Его народ! Он представлялся Гельбрету рассеянным по всей стране, то скученным, то на больших просторах, пришедшим из далекого прошлого, которое сказывалось теперь в каждом отдельном человеке. Народ строил свое будущее весь целиком и каждый человек в отдельности, на собственном своем участке. И потрясенный до глубины души, желая ему всяческого блага, Гельбрет мерил свой народ мерилом прозорливой и неослепленной нежности. Он видел, что народ жертвует собой, но при этом стремится извлечь из своей жертвы как можно больше пользы только для себя. Он чувствовал, что народ следует за вождями, которые избраны не им, но которые навязаны ему историей и восприняты им как судьба. Он убеждался, что народ жадно глотает яд самовозвеличивания, но при этом каждый в отдельности беспрекословно подчиняется приказанию. Он понимал, что народ дорос до всех задач, поставленных перед ним современностью, но при этом преступно изменяет своей извечной сущности.
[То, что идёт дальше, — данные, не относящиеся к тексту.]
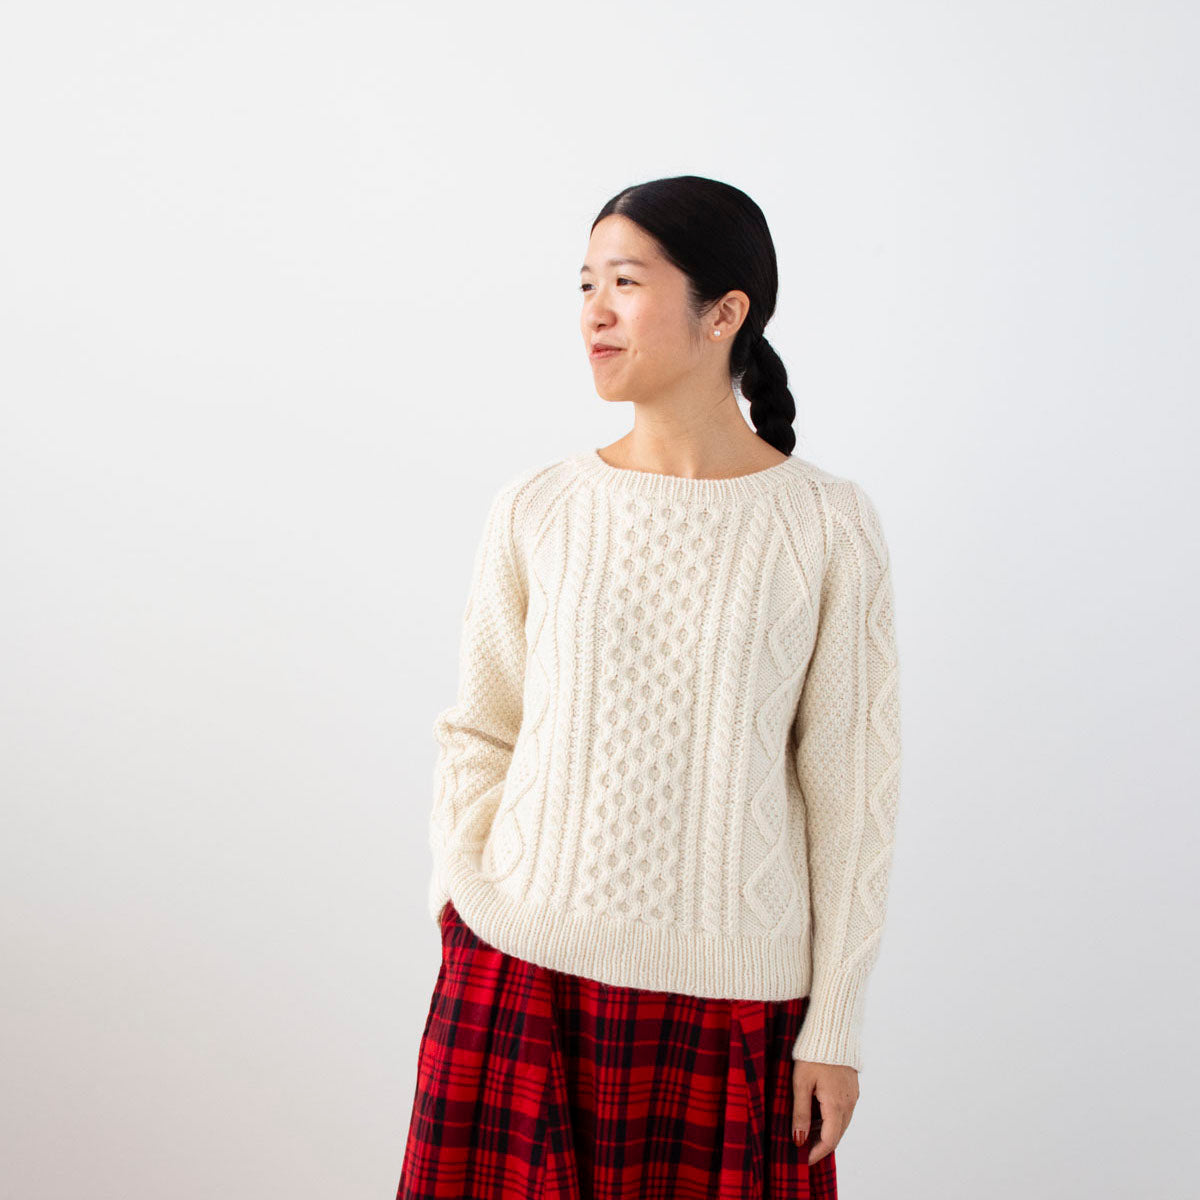 Aran Sweater Yarn Set

Сотни тысяч введенных в заблуждение людей горели желанием умереть безвестными, лечь под ноги своим сомнительным кумирам, забыв о том, что лоном, из которого вышли все гении, окружившие слово «немец» сиянием вечной славы, были народные массы, а не эти вот сегодняшние владыки. Народ нес дань. Он безрассудно расточал себя. Он, не задумываясь, засевал земные просторы легионами лучшей своей молодежи, принося ее в жертву будущему, которое вследствие подобного расточительства казалось все более и более ненадежным. Гельбрет видел, как его народ толкают в густую пелену тумана, утверждая, что в этом его предопределение; и что самое страшное — никто, видимо, даже не чуял здесь ничего неладного. Пятьдесят лет процветания на почве, удобренной насилиями трех войн, так заглушили совесть этого народа, что голос его стал не слышен в общественных делах. Но ведь это был народ, родивший в муках своей общественной совести реформацию, народ, чьи философы и поэты неустанно внушали ему, что долг его — стремиться к одухотворенному бытию. А теперь его вожаки считали совершенно естественным, что все, имеющее хотя бы отдаленное отношение к войне, не подлежит моральной оценке. И Гельбрет видел, что богатые духовные силы народа без колебаний используют на то, чтобы оправдывать существование милитаристского государства, поддерживать его и обожествлять. Каждый судил о своем ближнем только по его отношению к войне, и не было человека, у которого вырвался бы крик протеста. Гельбрет видел, что Германия летит к чертям в буквальном смысле этого слона, и при этом все вокруг восторженно поют осанну.

А другие народы? Но какое ему дело в этот час до других народов? Ради немцев стоял он здесь на страже, глядя на них всевидящим оком безумного, посланный карать тех, кого он любил. И точно так же на страже других народов стояли другие люди, о существовании которых он даже и не подозревал. Да, он одиноко стоял у дороги, по которой шел немецкий народ, и считал себя обязанным (ради себя самого и ради будущего всего мира) вопиять о справедливости. Но язык его был поражен немотой, и слова застревали в горле, ибо не было никого, кто мог бы или хотел его выслушать.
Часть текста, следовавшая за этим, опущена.